- _What the task asks_
Please reproduce the listing verbatim, without its images.

- _Information shown_
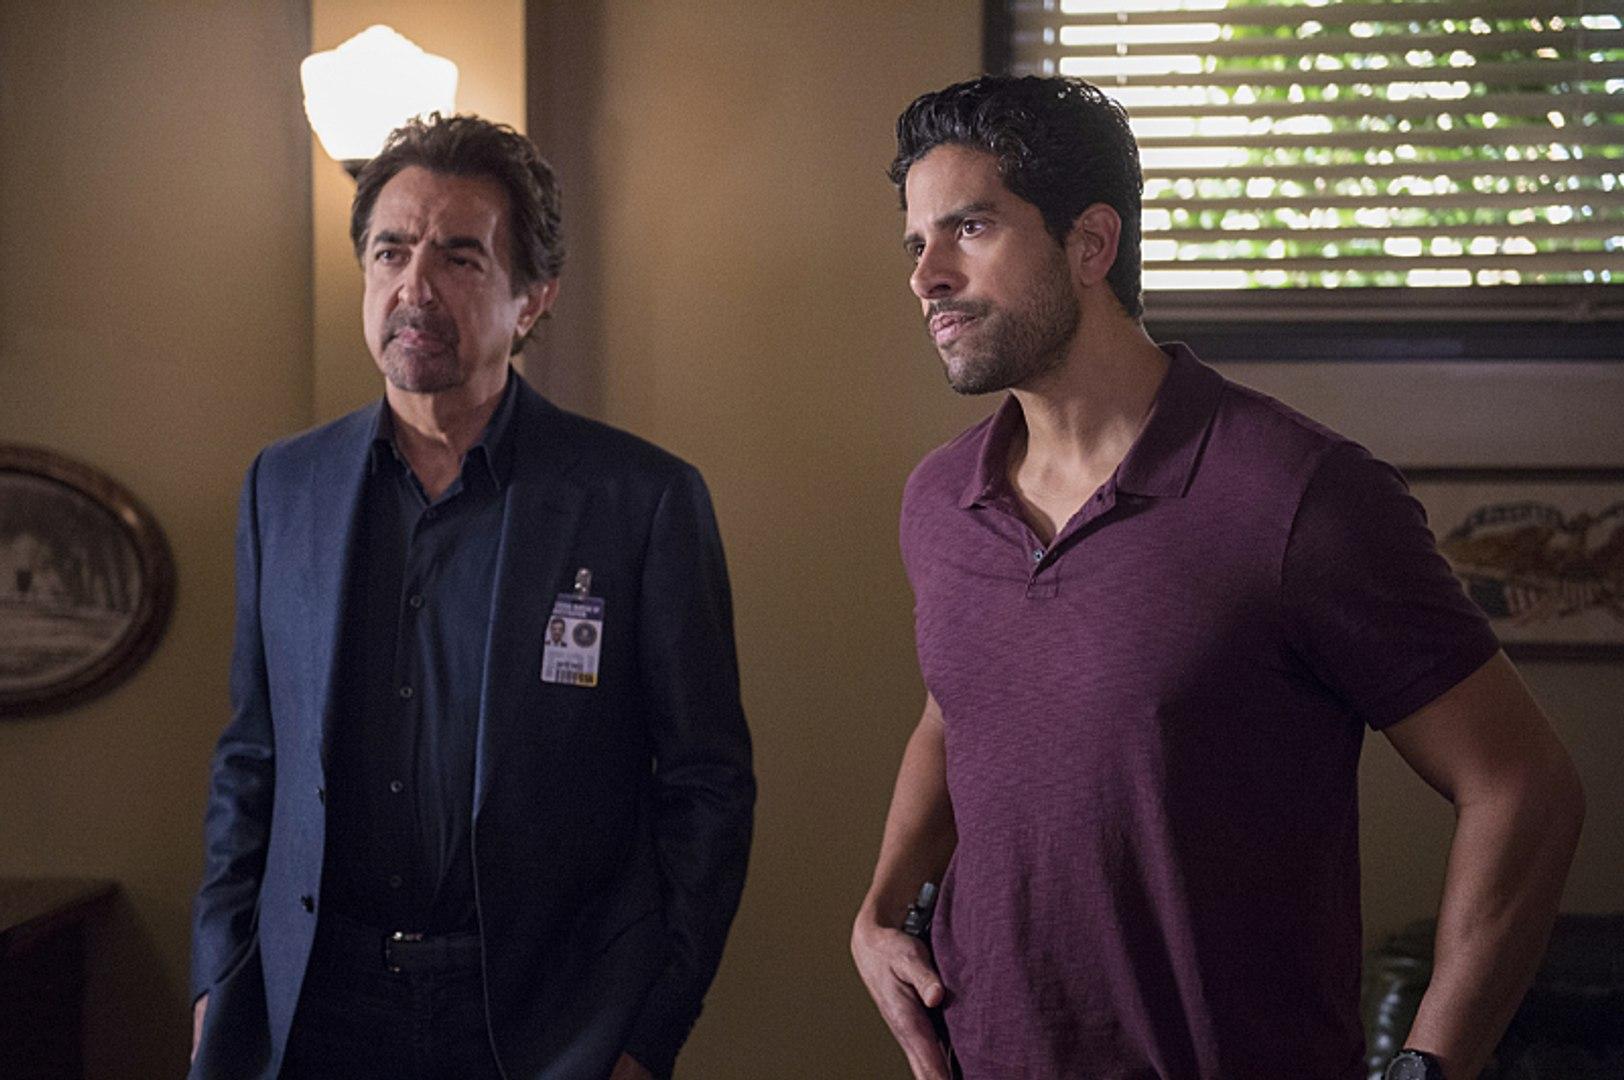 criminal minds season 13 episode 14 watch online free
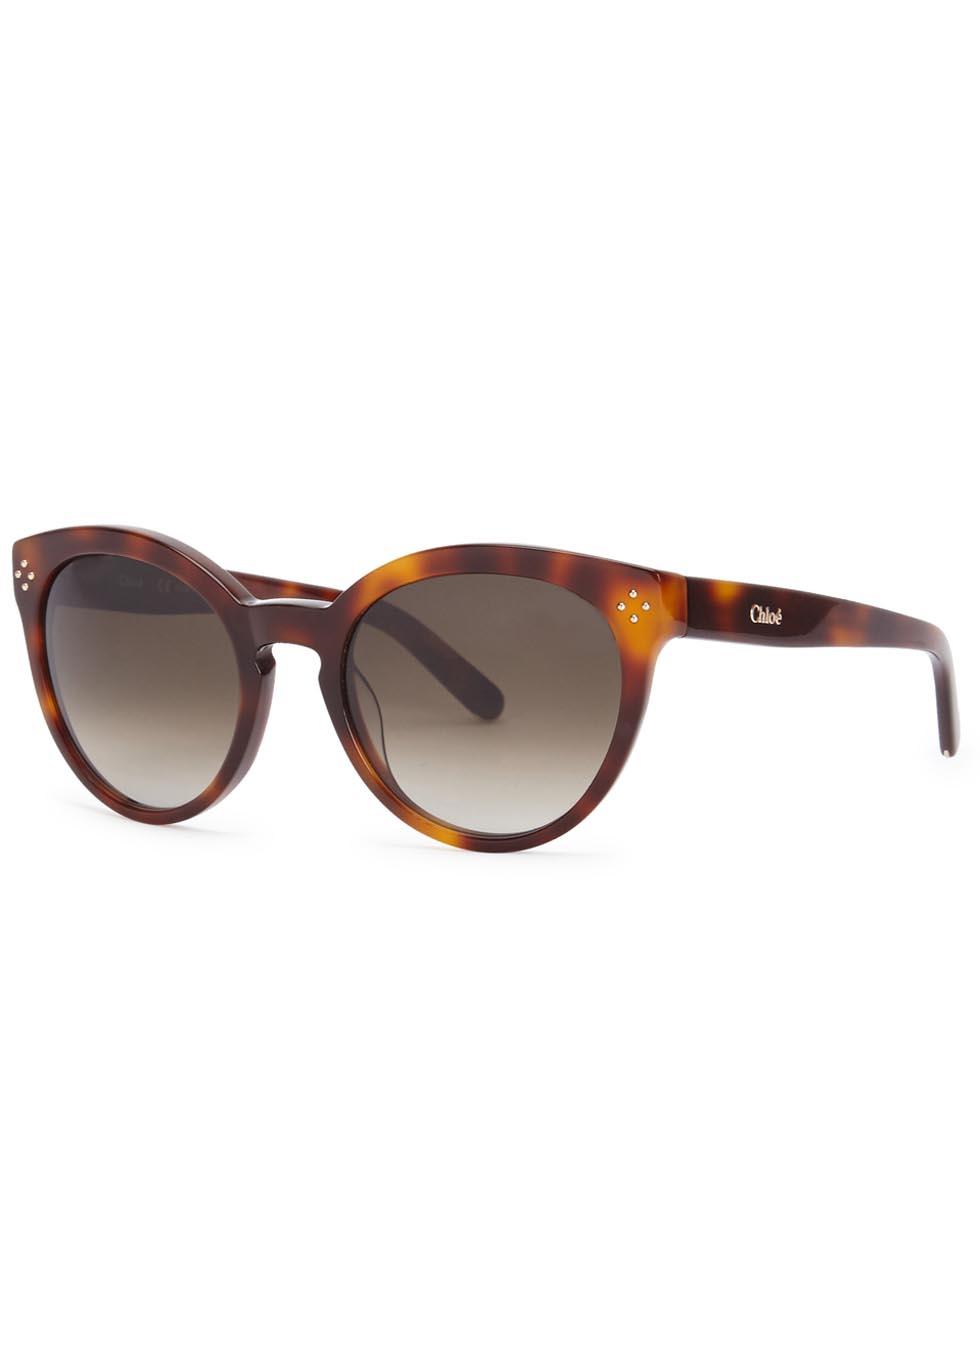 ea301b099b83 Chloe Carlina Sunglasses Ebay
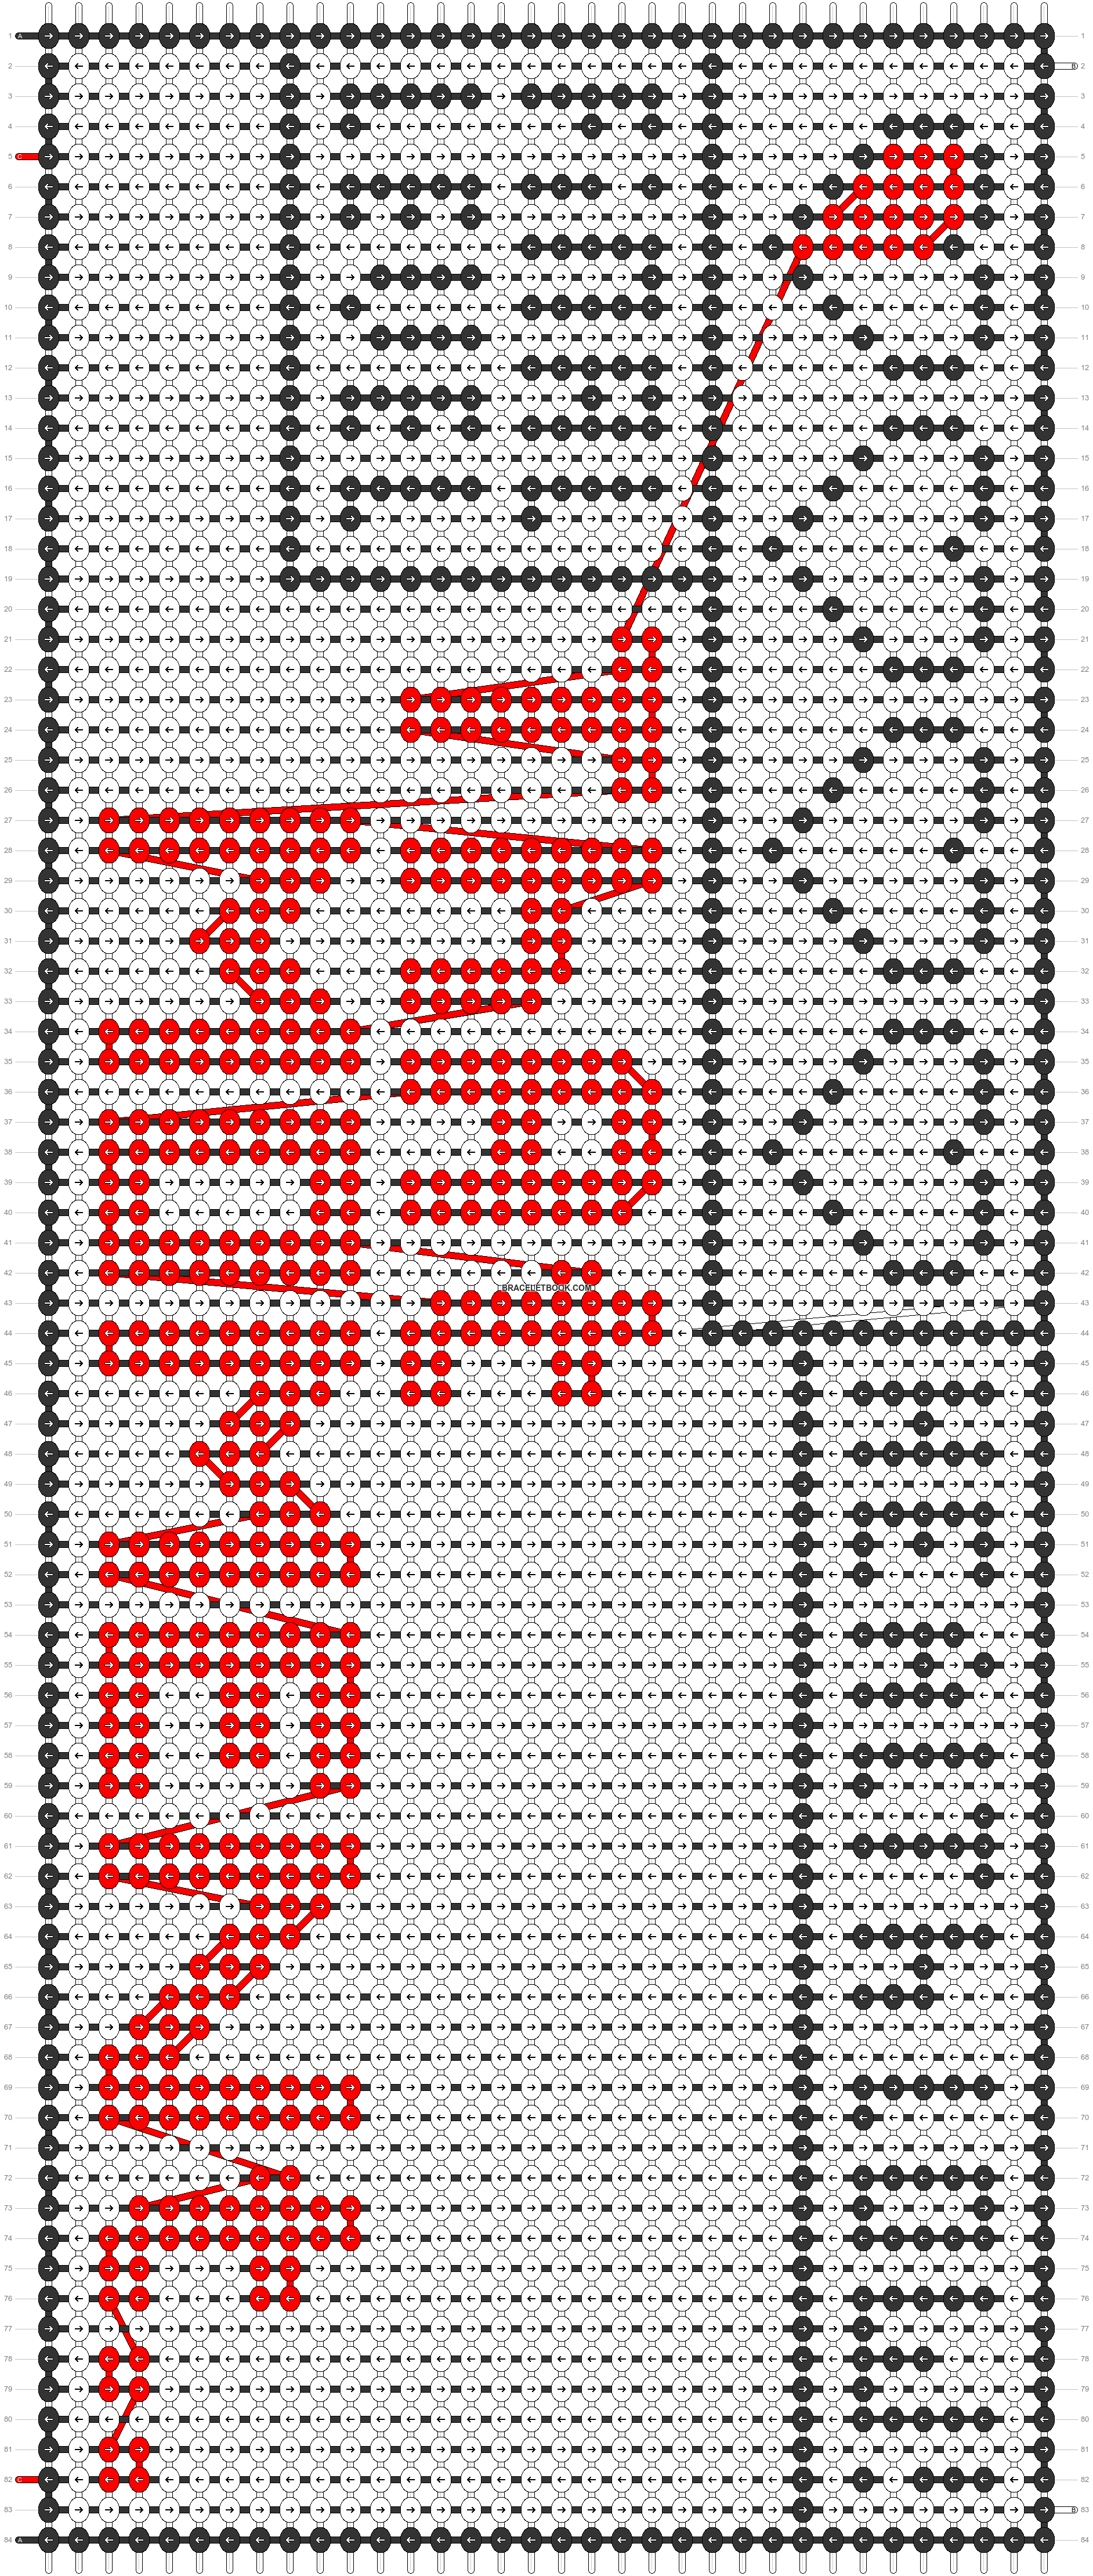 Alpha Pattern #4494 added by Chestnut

- _Written response_
 criminal minds season 13 episode 14 watch online free
 ea301b099b83 Chloe Carlina Sunglasses Ebay
 Alpha Pattern #4494 added by Chestnut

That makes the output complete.